Home insulation

It’s time to challenge the political consensus about energy customers paying for all the green measures that are needed to deal with the climate emergency.

The big problem with these energy efficiency schemes, which has been perpetuated by governments of all colours, is that they are funded by levies on energy bills, rather than taxpayers. The scope of the resulting schemes is therefore limited by how much can be added onto the energy bills of those who are already struggling to pay the bills. The resulting pot of money is too small to make the massive changes that Britain’s ageing, leaky housing stock requires.

This situation has come about because levying energy bills is a disguised form of taxation. Governments can pretend that it isn’t a tax, isn’t public expenditure, and isn’t public sector debt. But this outsourcing of tax and spend has created a regressive system, where fuel poor households are forced to pay even more on their energy bills than they already can’t afford. And it is some of the hardest to reach, coldest, most fuel poor homes which are too expensive to receive the insulation measures that these levies pay for – the old housing stock with solid walls that can cost £20,000 or more to insulate.

I have some sympathy with the counter arguments, but they are looking progressively outdated. There is the idea that the polluter should pay. That the more carbon intensive energy we use, the more it should cost. This is true, but that isn’t what the levy does. Mostly the levy on consumers has subsidised nuclear power and that subsidy (via an extraordinary high strike price) is about to leap upwards rapidly with the new generation of nukes.

Another argument is that consumers pay because ultimately consumers benefit. Again, this sounds appealing. Bringing all the housing stock up to scratch is a huge collective benefit. So why not use a progressive form of taxation to do it, rather than spreading the cost evenly amongst the rich and the very poorest?

The pace of insulating homes in the UK and bringing them up to modern energy efficiency standards has been far too slow. The Government’s Electricity and Gas (Energy Company Obligation) Amendment Order is a piece of secondary legislation (decided by Ministers not Parliament) that will continue this painfully slow pace, whilst forcing energy bill payers to pick up the cost of this crucial infrastructure investment.

The current system makes it impossible to make the massive investment in levelling up Britain’s housing infrastructure. Piecemeal energy efficiency schemes, focused on the low hanging fruit of cavity wall insulation and loft insulation, can only go so far. The government should commit to deep retrofits of all fuel poor households – with new double glazing, solid wall insulation, super-efficient appliances and home energy generation. This is the scale of investment that we need to end fuel poverty and tackle the climate crisis, not the tinkering around the edges of the current schemes.

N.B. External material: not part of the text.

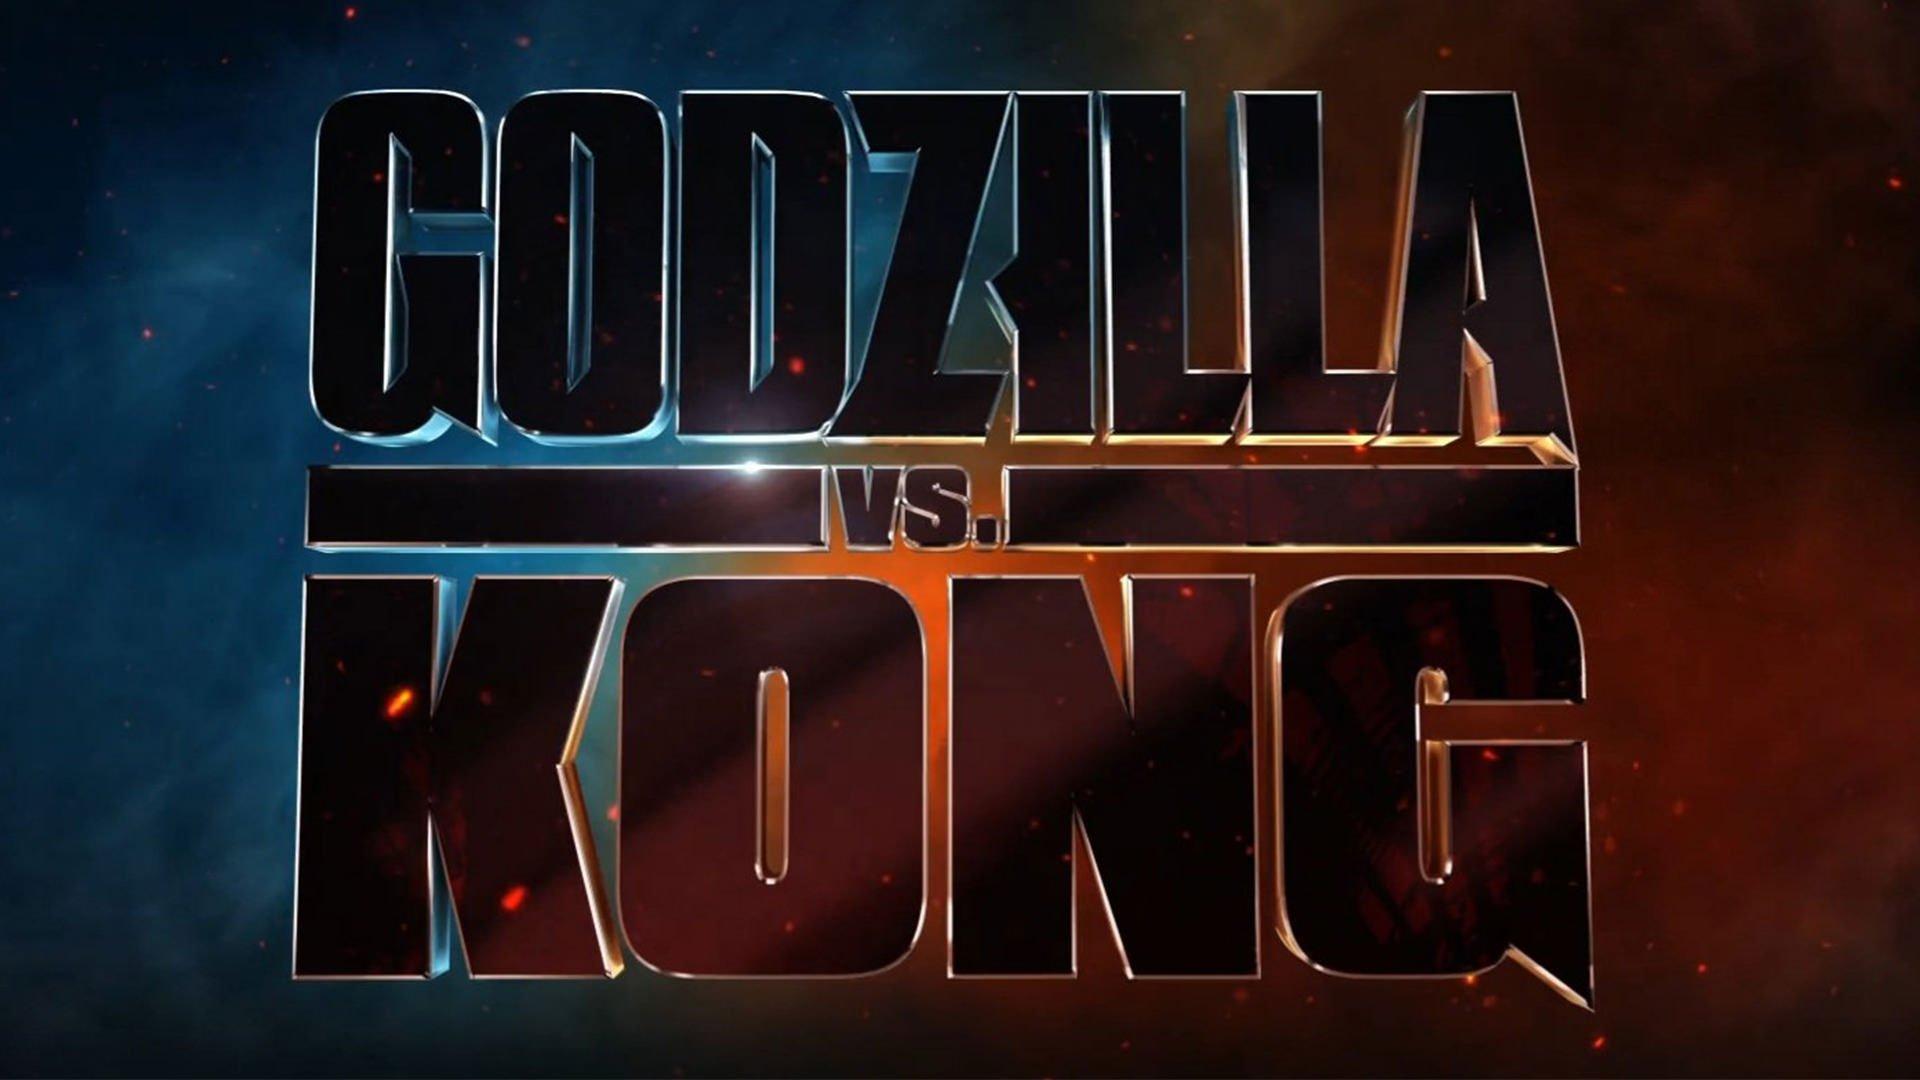 پنج روز تاخیر در تاریخ پخش فیلم Godzilla vs. Kong

This level of investment needs money, and more money than can be stuck on top of people’s already high energy bills. That is why energy bill levies should be ended and brought into general taxation so that high earners and wealthy people contribute more, rather than pushing fuel poor families deeper and deeper into a cold pit of despair.

The Green Party Manifesto pledged £24 billion a year for Local Authorities to insulate all homes, and deep retrofit 1 million homes a year. This is the scale of ambition that is needed, led by local authorities and tailored to their communities.

At the end of this year the government will be hosting the COP2020 talks. Do they really think that these insulation schemes are going far enough? And do they realise that much of the coldest, leakiest housing stock – those with solid walls – are too expensive to be insulated under these schemes that their sky high energy bills are paying for?